For the past three years, the Bush administration has quietly but efficiently dropped a shroud of secrecy across many critical operations of the federal government--cloaking its own affairs from scrutiny and removing from the public domain important information on health, safety, and environmental matters. The result has been a reversal of a decades-long trend of openness in government while making increasing amounts of information unavailable to the taxpayers who pay for its collection and analysis. Bush administration officials often cite the September 11 attacks as the reason for the enhanced secrecy. But as the Inauguration Day directive from Card indicates, the initiative to wall off records and information previously in the public domain began from Day 1. Steven Garfinkel, a retired government lawyer and expert on classified information, puts it this way: "I think they have an overreliance on the utility of secrecy. They don't seem to realize secrecy is a two-edge sword that cuts you as well as protects you." Even supporters of the administration, many of whom agree that security needed to be bolstered after the attacks, say Bush and his inner circle have been unusually assertive in their commitment to increased government secrecy. "Tightly controlling information, from the White House on down, has been the hallmark of this administration," says Roger Pilon, vice president of legal affairs for the Cato Institute.

Air and water
Some of the Bush administration's initiatives have been well chronicled. Its secret deportation of immigrants suspected as terrorists, its refusal to name detainees at the U.S. base at Guantanamo Bay, Cuba, and the new surveillance powers granted under the post-9/11 U.S.A. Patriot Act have all been debated at length by the administration and its critics. The clandestine workings of an energy task force headed by Vice President Dick Cheney have also been the subject of litigation, now before the Supreme Court.

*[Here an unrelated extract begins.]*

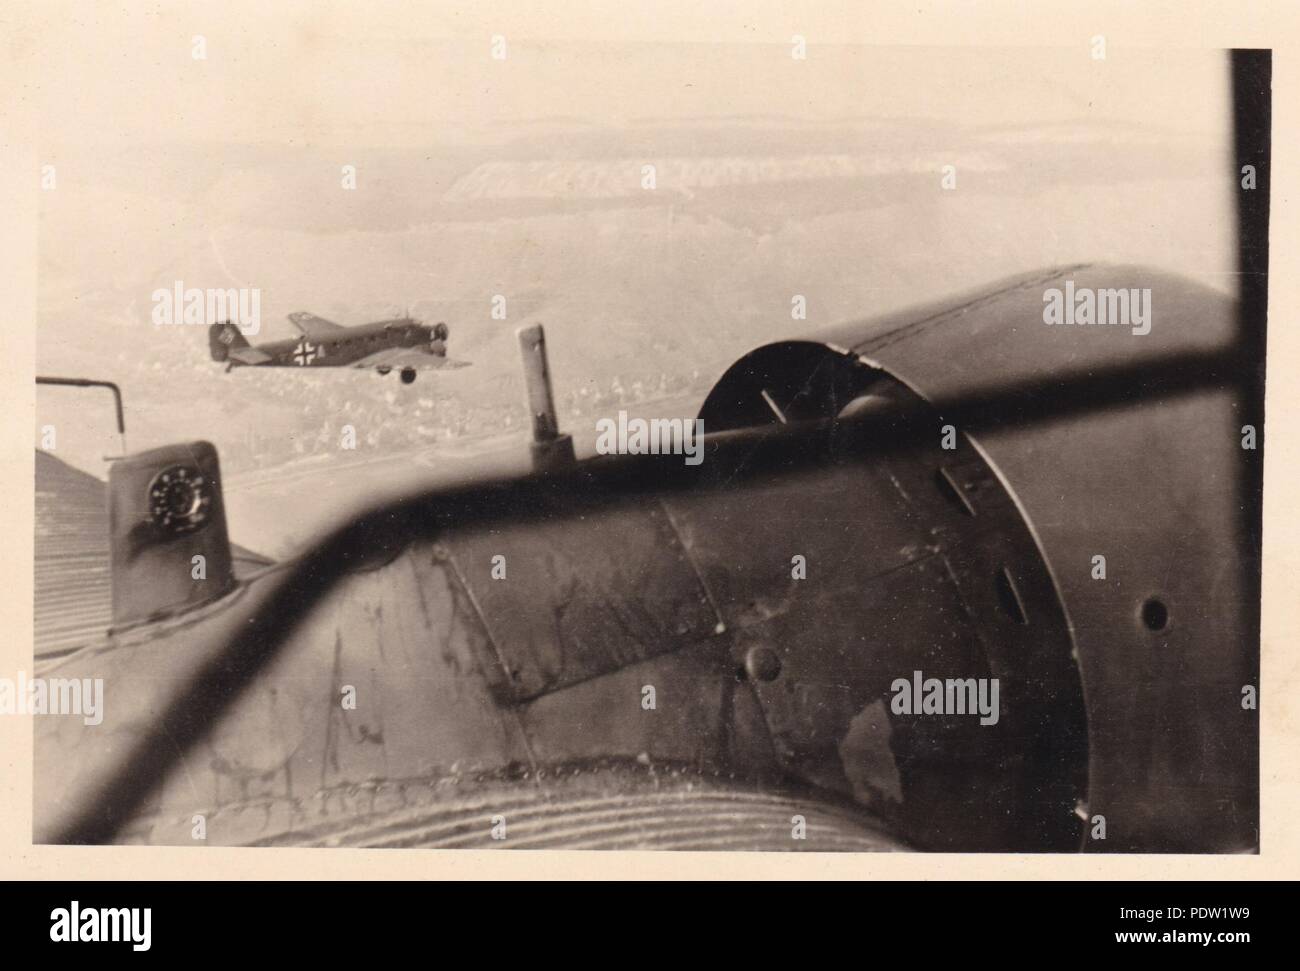 Bild aus dem Fotoalbum von Oberfeldwebel Karl gendner von 1. Staffel, Kampfgeschwader 40: Ein Luft-zu-Ansicht von Junkers Ju 52/3 m1 Z + AL 3./KGzbV 1, wie aus einer anderen Ju 52 der Einheit gesehen, während ein Flug nach Frankreich am 1. Juni 1940. Karl Gendner war ein Pilot mit 3./KGzbV 1 zu dieser Zeit. Stockfoto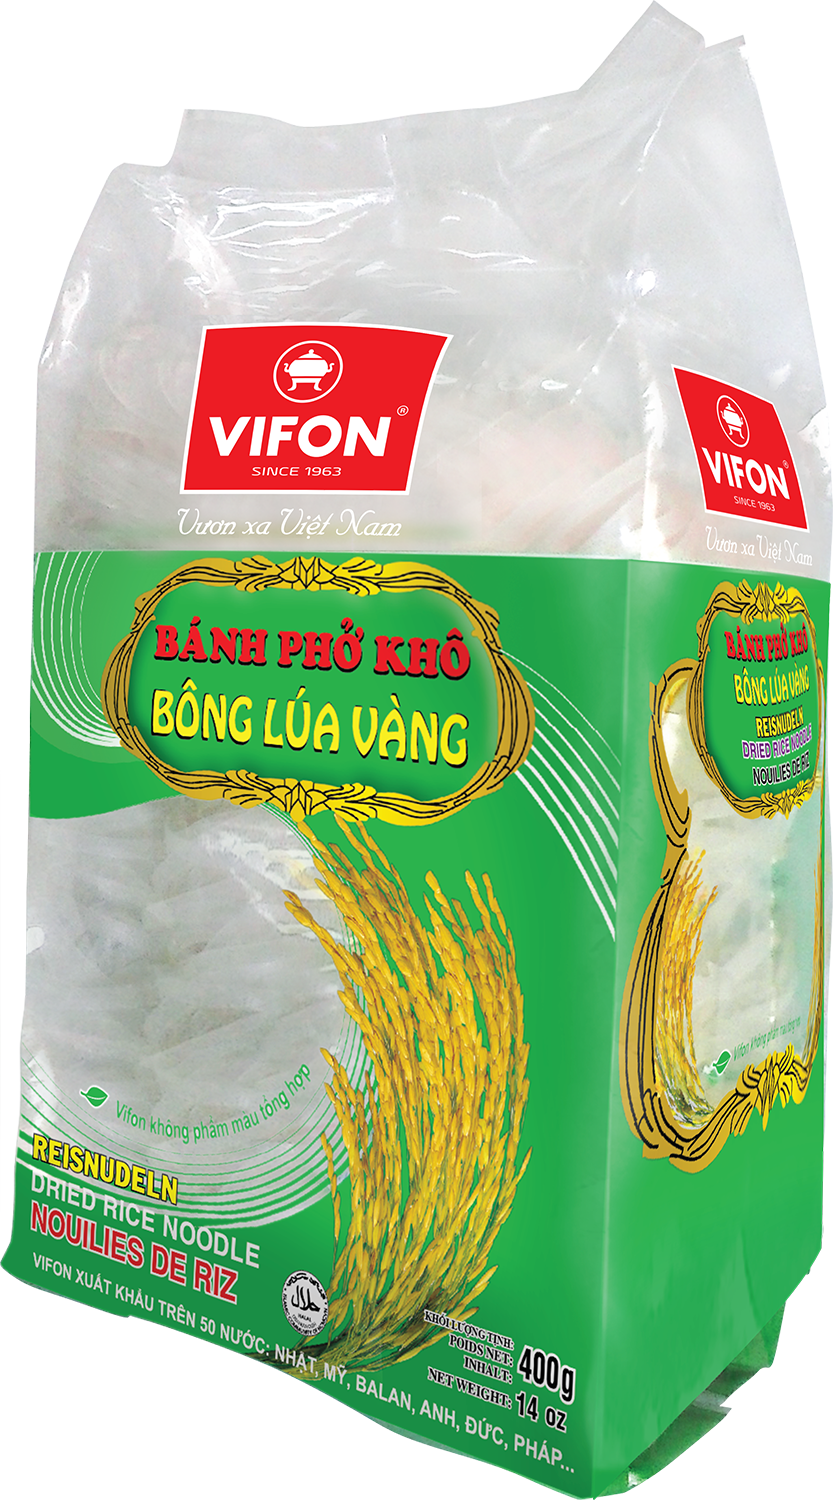 Bong lua vang dried. Noodles clipart rice noodle

But the administration's efforts to shield the actions of, and the information obtained by, the executive branch are far more extensive than has been previously documented. A five-month investigation by U.S. News detailed a series of initiatives by administration officials to effectively place large amounts of information out of the reach of ordinary citizens. The magazine's inquiry is based on a detailed review of government reports and regulations, federal agency Web sites, and legislation pressed by the White House. U.S. News also analyzed information from public interest groups and others that monitor the administration's activities, and interviewed more than 100 people, including many familiar with the new secrecy initiatives. That information was supplemented by a review of materials provided in response to more than 200 Freedom of Information Act requests filed by the magazine seeking details of federal agencies' practices in providing public access to government information.

The principal findings:
Important business and consumer information is increasingly being withheld from the public. The Bush administration is denying access to auto and tire safety information, for instance, that manufacturers are required to provide under a new "early-warning" system created following the Ford-Firestone tire scandal four years ago. The U.S. Consumer Product Safety Commission, meanwhile, is more frequently withholding information that would allow the public to scrutinize its product safety findings and product recall actions.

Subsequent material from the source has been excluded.